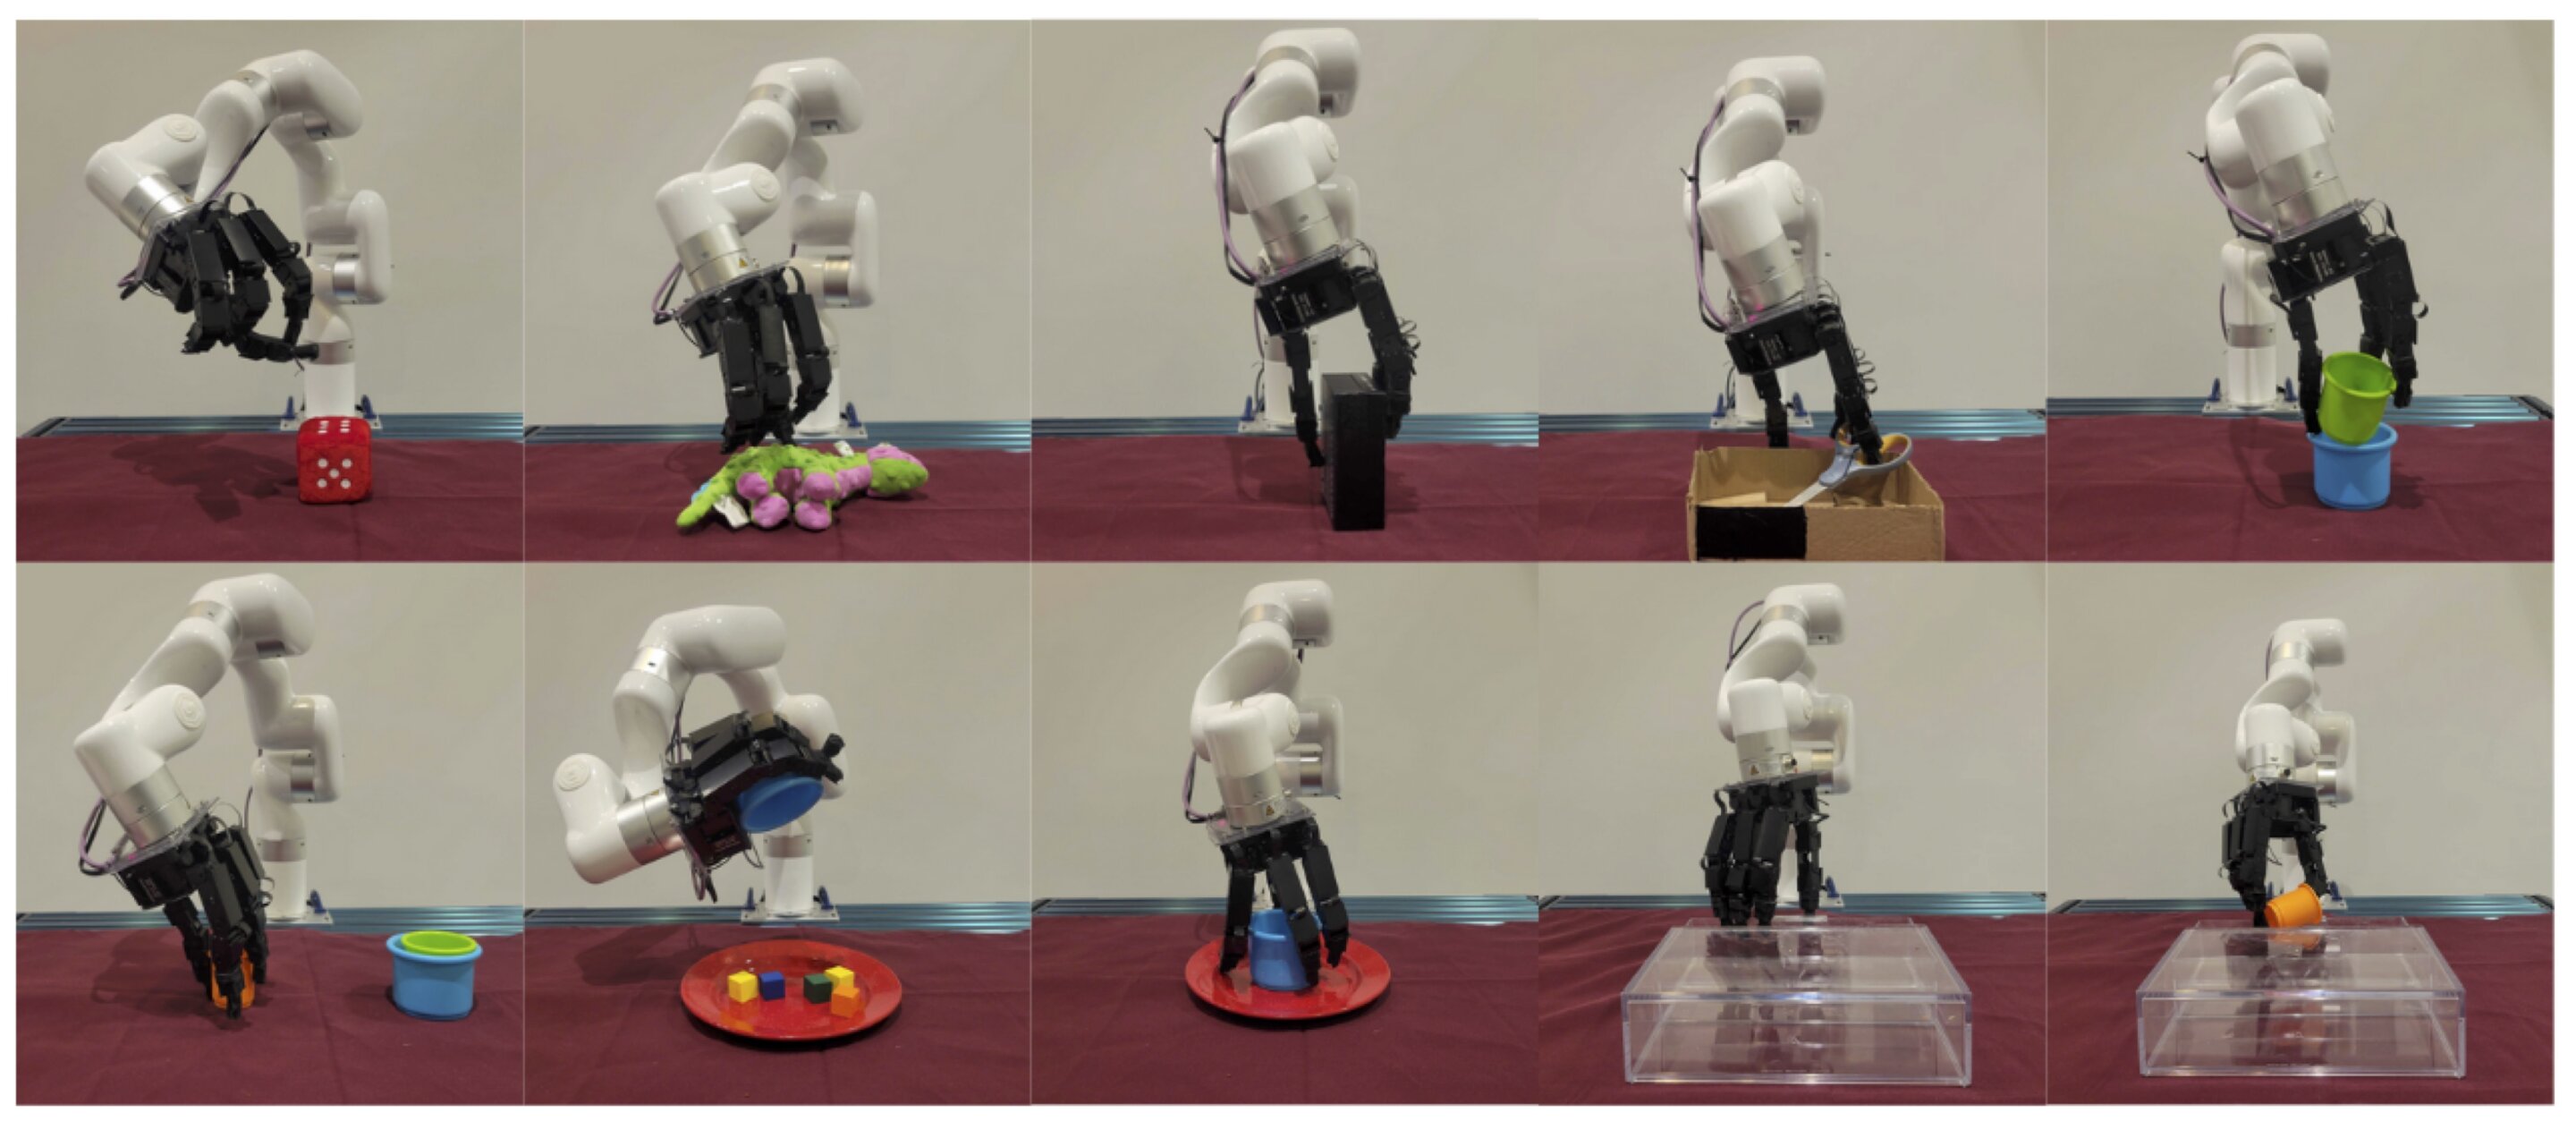 Роботизированный телекинез: позволяет людям дистанционно управлять роботизированными руками и обучать их
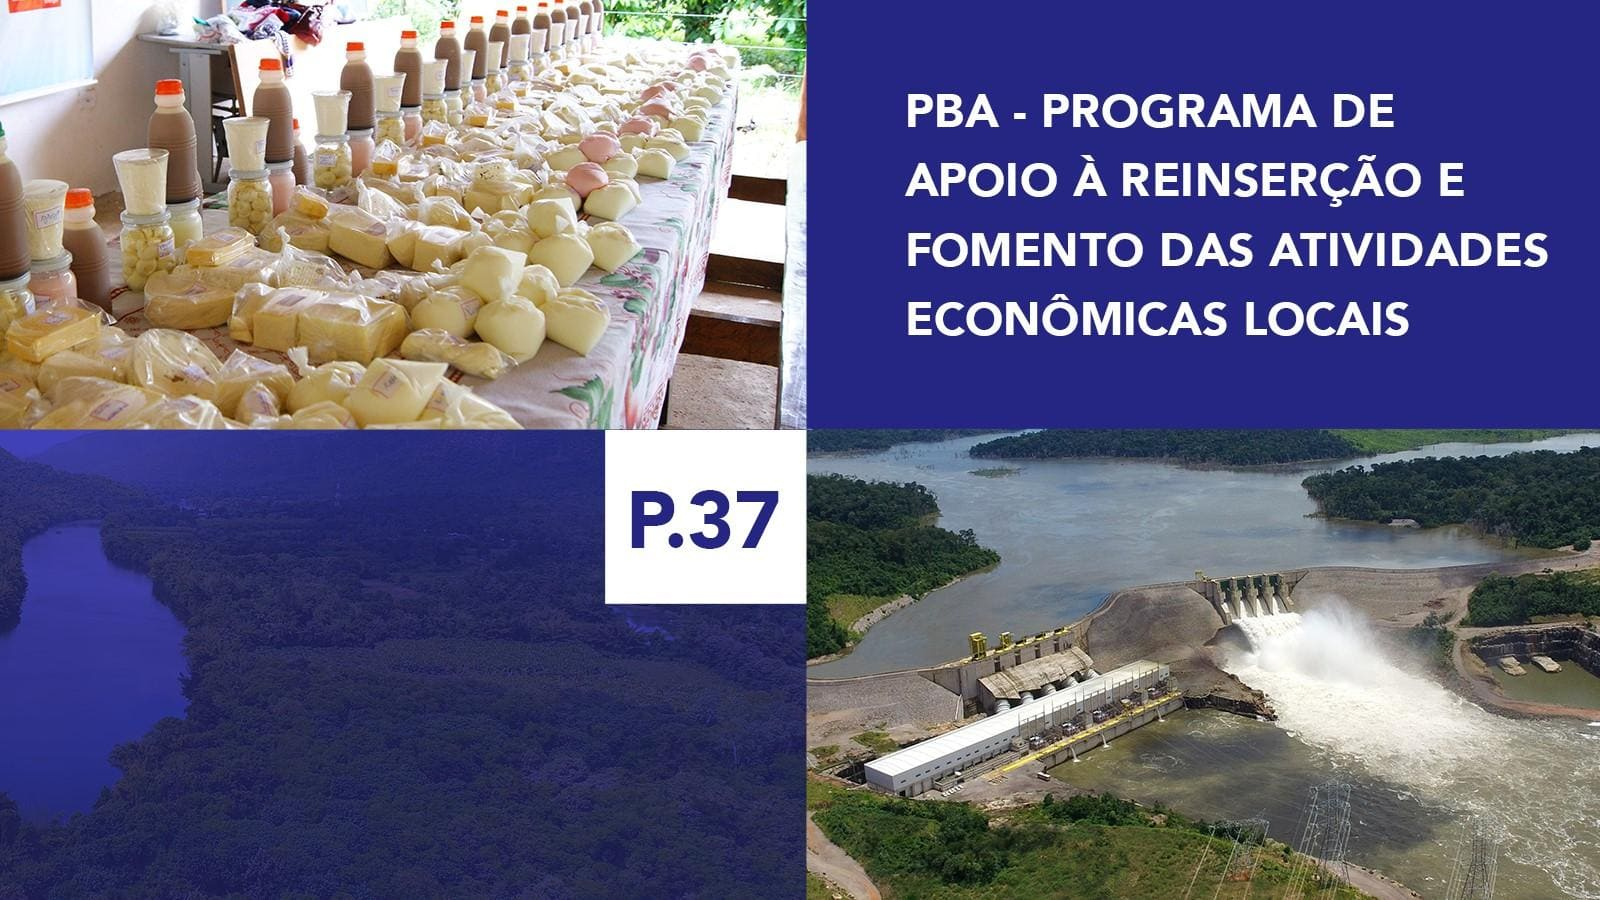 P.37 - Programa de Apoio à Reinserção e Fomento das Atividades Econômicas Locais
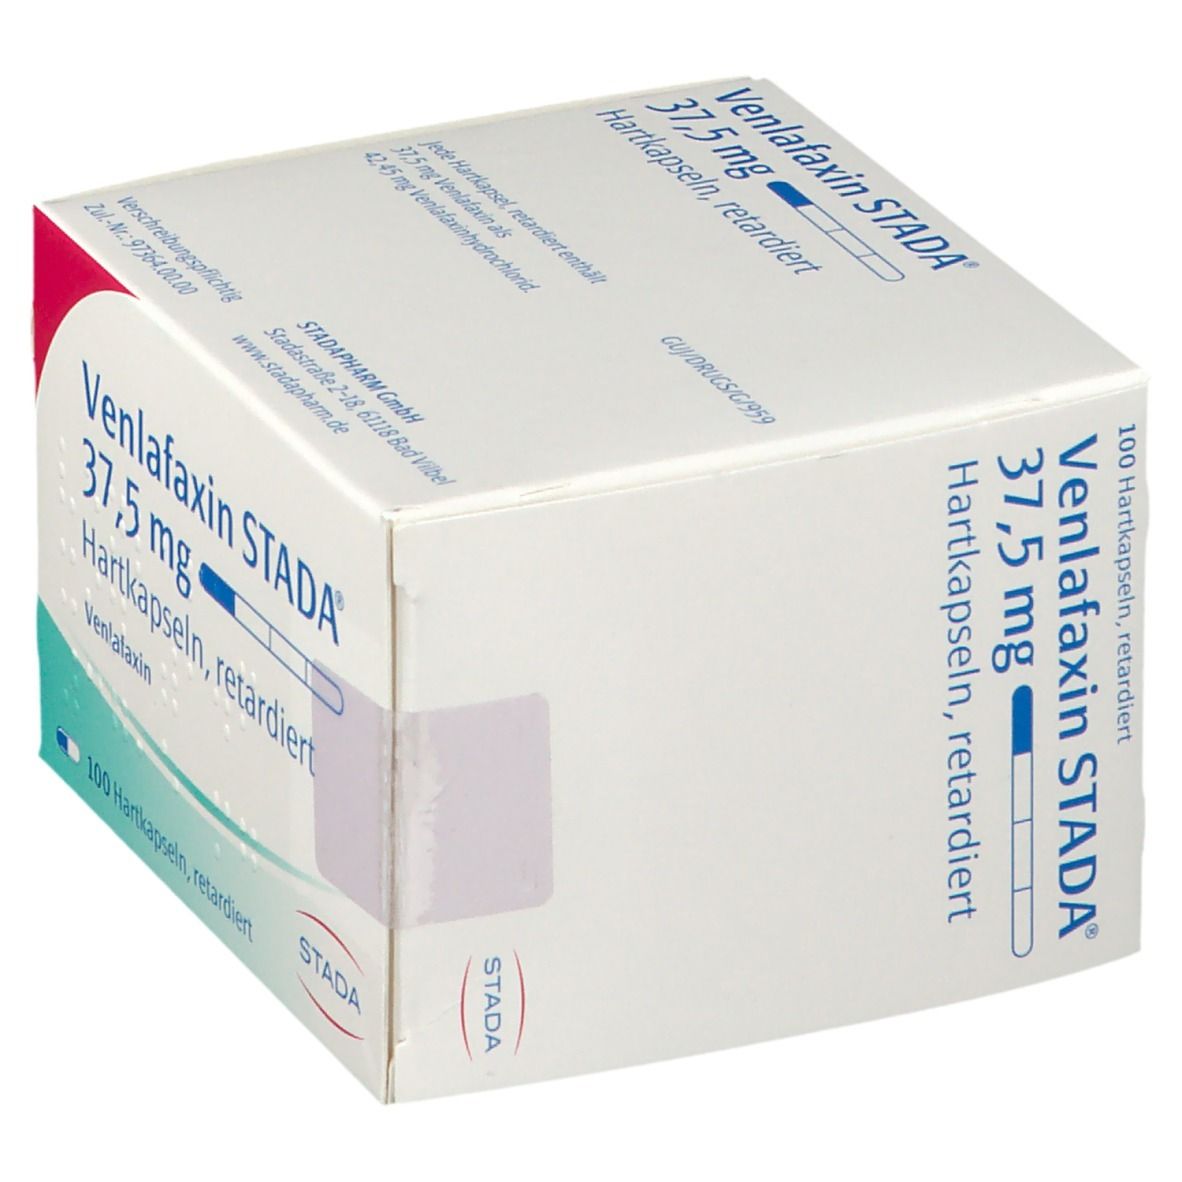 Venlafaxin STADA® 37,5 mg
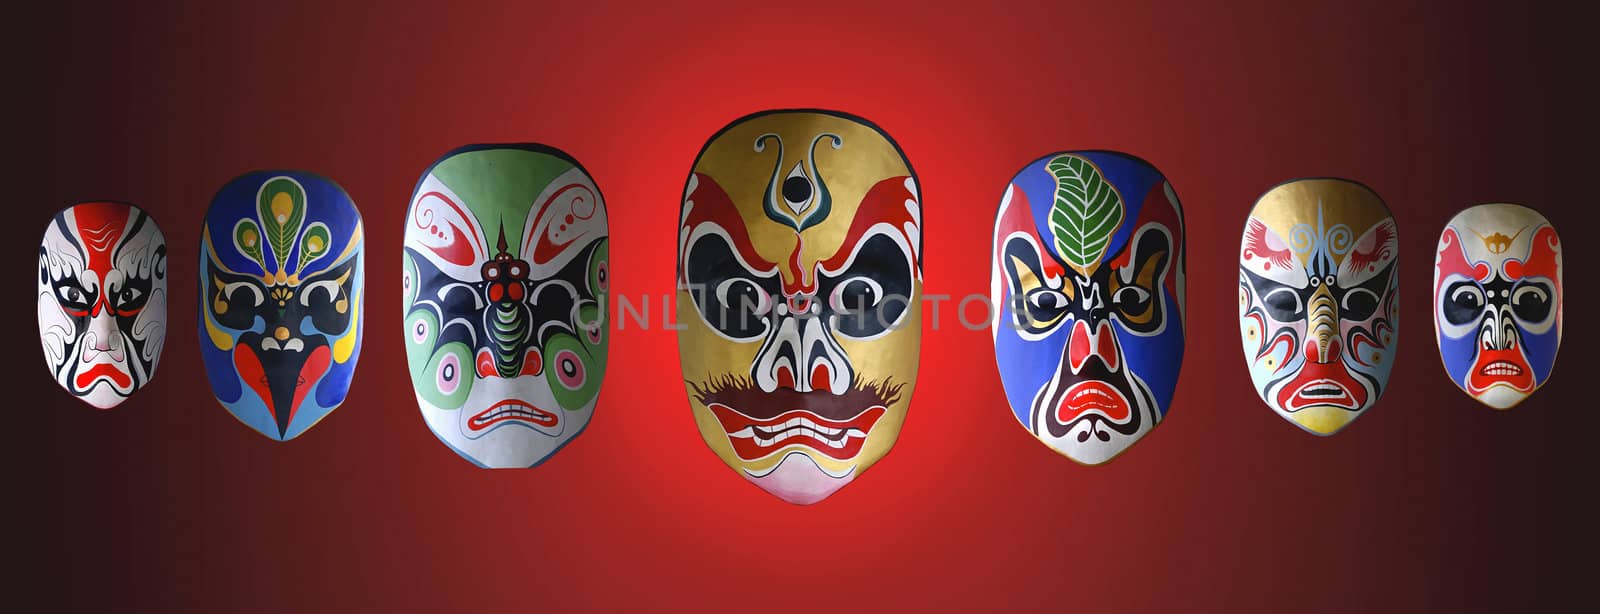 mask of chinese opera by jackq
++++++++++
WHAT THE TASK REQUIRES
Since the pictures are not wanted, transcribe the rest of the listing above exactly.

FINAL ANSWER
 Роботизированный телекинез: позволяет людям дистанционно управлять роботизированными руками и обучать их
 P.37 - Programa de Apoio à Reinserção e Fomento das Atividades Econômicas Locais
 Venlafaxin STADA® 37,5 mg
 mask of chinese opera by jackq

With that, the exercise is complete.